Jumia Technologies AG (NYSE:JMIA) Q4 2023 Earnings Call Transcript February 15, 2024
Jumia Technologies AG isn’t one of the 30 most popular stocks among hedge funds at the end of the third quarter (see the details here).
Operator: Good morning, ladies and gentlemen. Thank you for standing by. Welcome to Jumia’s Results Conference Call for the Fourth Quarter and Full Year 2023. At this time, all participants are in a listen-only mode. After management’s prepared remarks, there will be a question-and-answer session. With us today are Francis Dufay, CEO of Jumia; and Antoine Maillet-Mezeray, Executive Vice President, Finance and Operations. We will start by covering the Safe Harbor. We would like to remind you that our discussions today will indicate forward-looking statements. Actual results may differ materially from those indicated in the forward-looking statements. Moreover, these forward-looking statements may speak only to our expectations as of today.
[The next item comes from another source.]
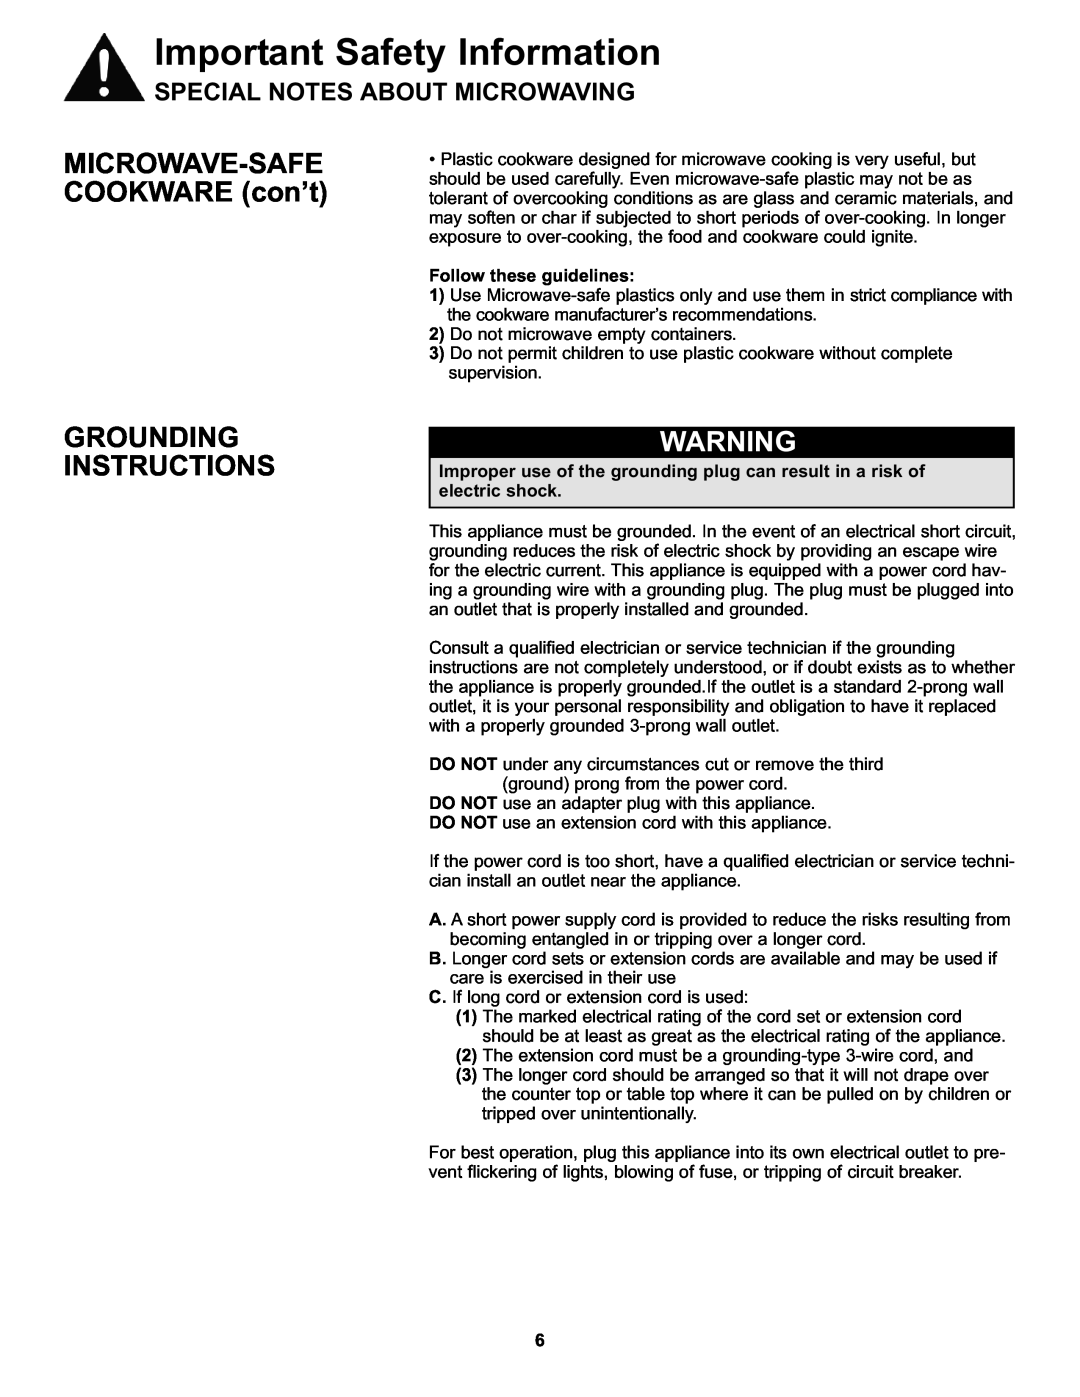 Danby DMW7700WDB, DMW7700BLDB manual MICROWAVE-SAFECOOKWARE con’t, Grounding Instructions, Important Safety Information 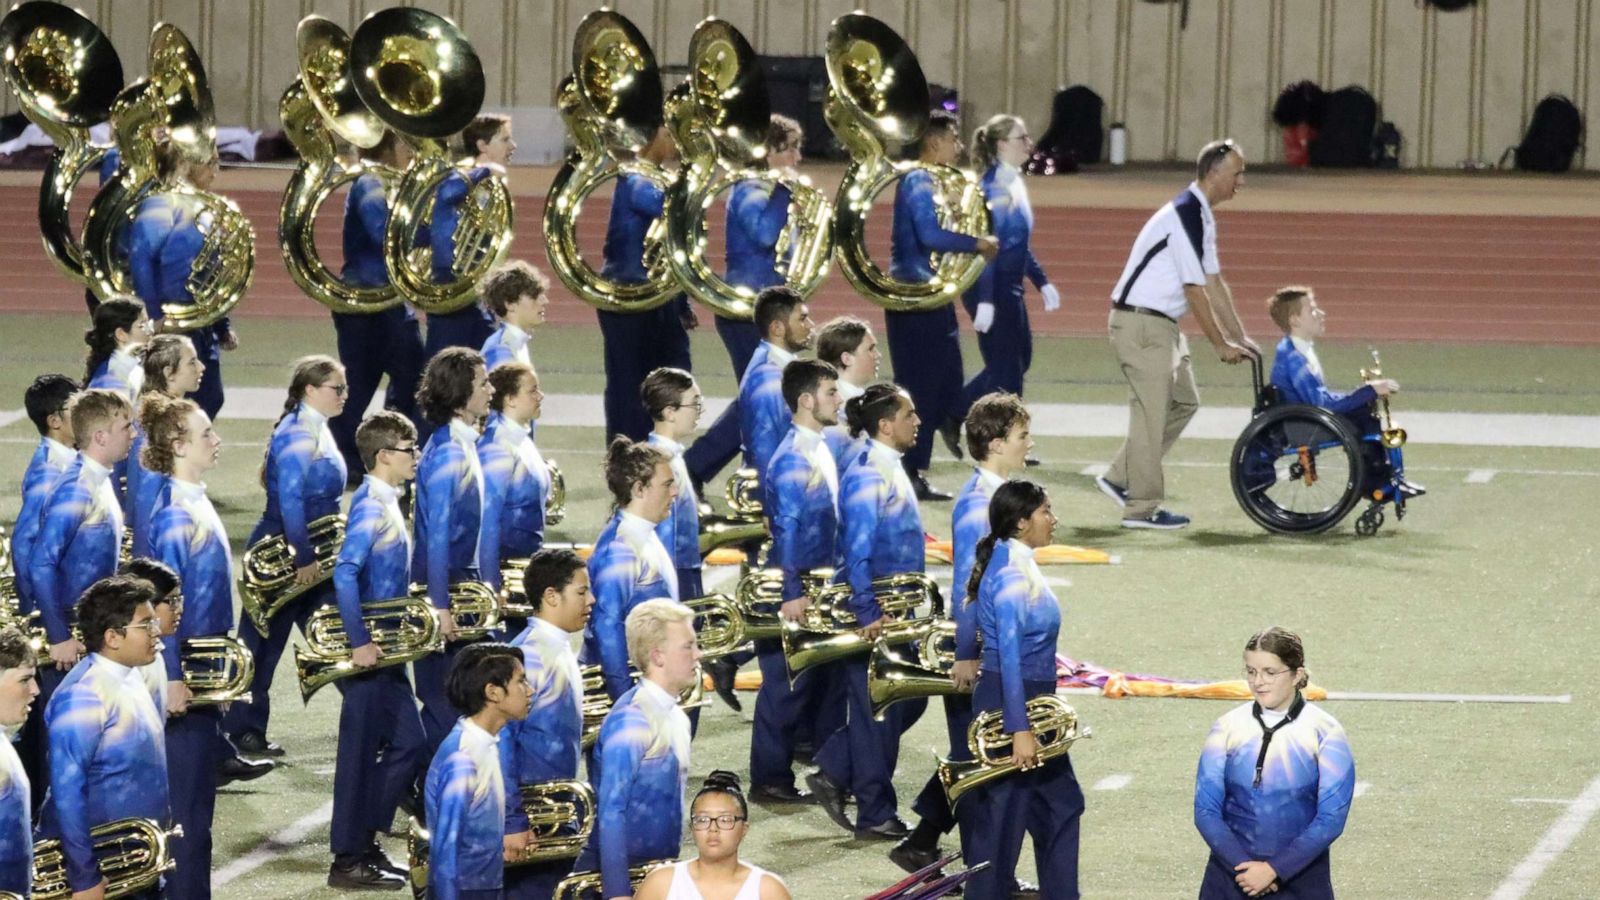 Dunbar High School band director brings show style marching to

We undertake no obligation to publicly update or revise these statements. For a discussion of some of the risk factors that could cause actual results to differ from the forward-looking statements expressed today, please see the risk factors section of our annual report on Form 20-F as published on May 16, 2023, as well as our other submissions with the SEC. In addition, on this call, we will refer to certain financial measures not reported in accordance with the IFRS. You can find reconciliations of these non-IFRS financial measures to the corresponding IFRS financial measures in our earnings press release, which is available on our Investor Relations website. With that, I will hand over to Francis.
Francis Dufay: Thank you. Welcome everyone and thanks for joining us today. 2023 has been a transformative year for Jumia. Upheavals on the global stage have had a significant impact on African economies and its people. High inflation rates and currency depreciations have led to scarcity of supply and have adversely impacted the purchasing power of consumers. These have been very challenging times for tech and retail businesses across the whole continent. Against that unsettling backdrop, we embarked on a fundamental transformation of our company in order to rapidly improve our financials and establish a stronger foundation for e-commerce business. This transformation obviously came with a painful short-term impact as we discontinued activities with poor growth prospects, stopped expensive marketing practices and radically streamlined our organization.
These bold and early decisions have paid off in 2023, yet we still have some way to go. We closed 2023 in a much stronger position, looking at both financials and business fundamentals. Our adjusted EBITDA loss for the full year of ’23 decreased to $58.2 million versus $182.1 million in ’22 and steadily improving quarter-after-quarter. Our loss before tax from continuing operations for the full year of ’23 decreased to $98.6 million from $206.2 million in ’22. Most importantly, we saw a reduction in the pace of the decrease of our liquidity from $227.4 million in 2022 to $106.9 million in 2023, leaving us with a liquidity position of $120.6 million at the end of 2023. Although GMV for the full year of ’23 declined by 20% and orders by 22% year-over-year, we have undergone a deep transformation of the company.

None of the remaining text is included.